EXERCISE DATA START

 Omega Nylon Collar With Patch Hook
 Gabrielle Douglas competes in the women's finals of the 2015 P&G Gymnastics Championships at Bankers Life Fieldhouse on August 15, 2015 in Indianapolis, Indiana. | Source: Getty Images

EXERCISE DATA END
EXERCISE DATA START

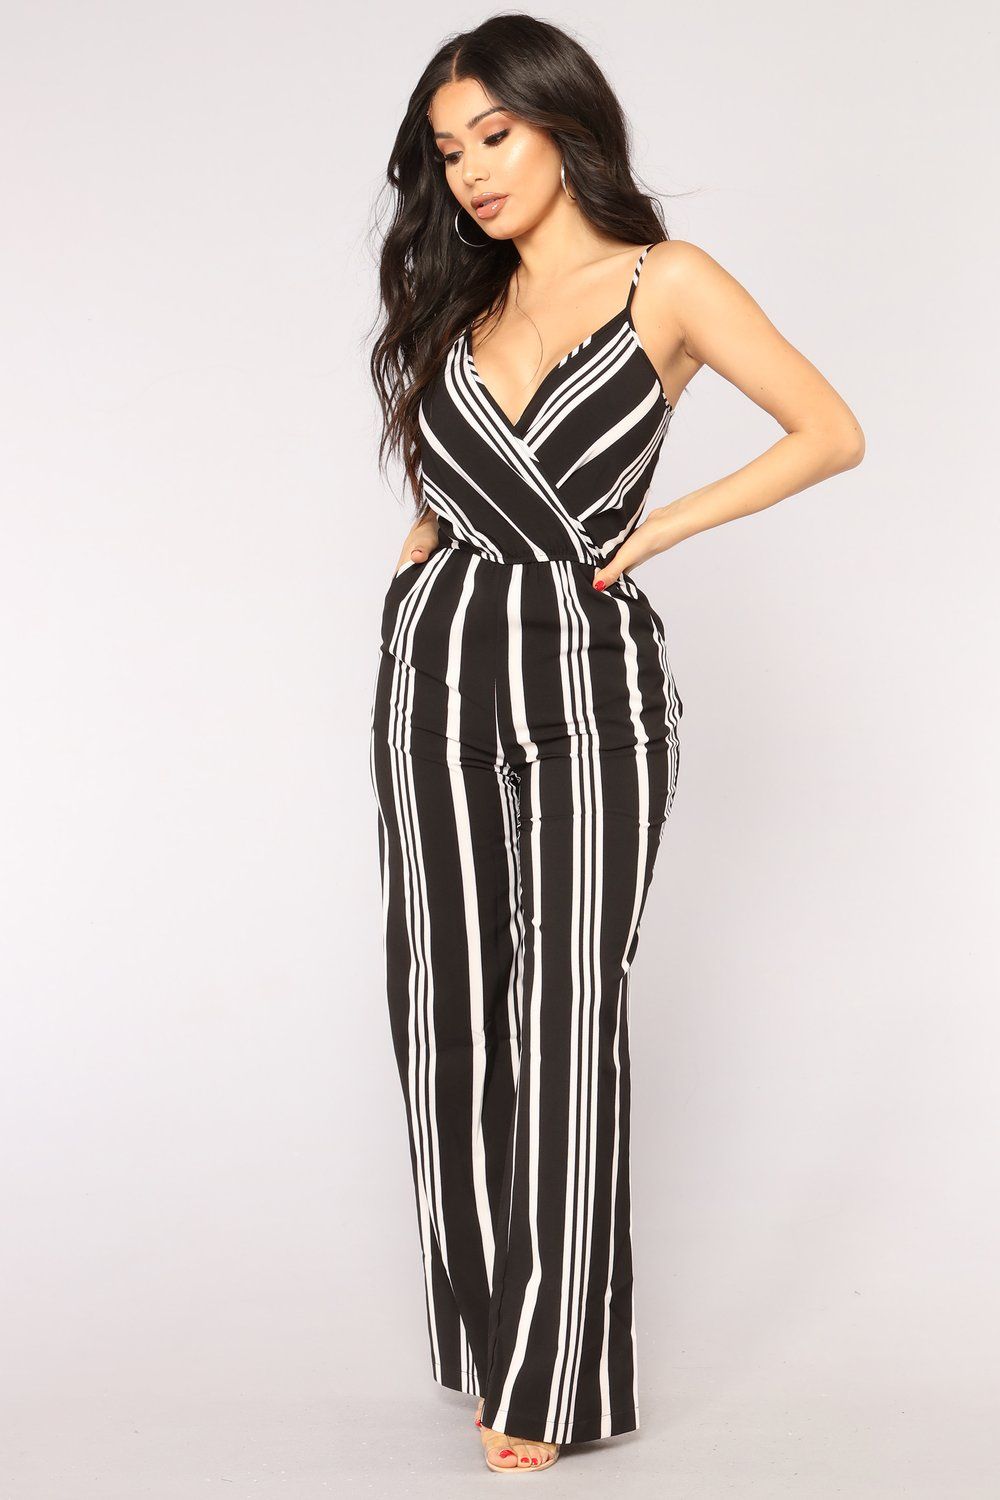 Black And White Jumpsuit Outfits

EXERCISE DATA END

ACTIVITY> Print, from the entries above, the line with "Omega Nylon Collar With Patch Hook", the line with "Gabrielle Douglas competes" and all lines between them, exactly and with nothing else.

OUTPUT FOR THIS EXERCISE>
 Omega Nylon Collar With Patch Hook
 Gabrielle Douglas competes in the women's finals of the 2015 P&G Gymnastics Championships at Bankers Life Fieldhouse on August 15, 2015 in Indianapolis, Indiana. | Source: Getty Images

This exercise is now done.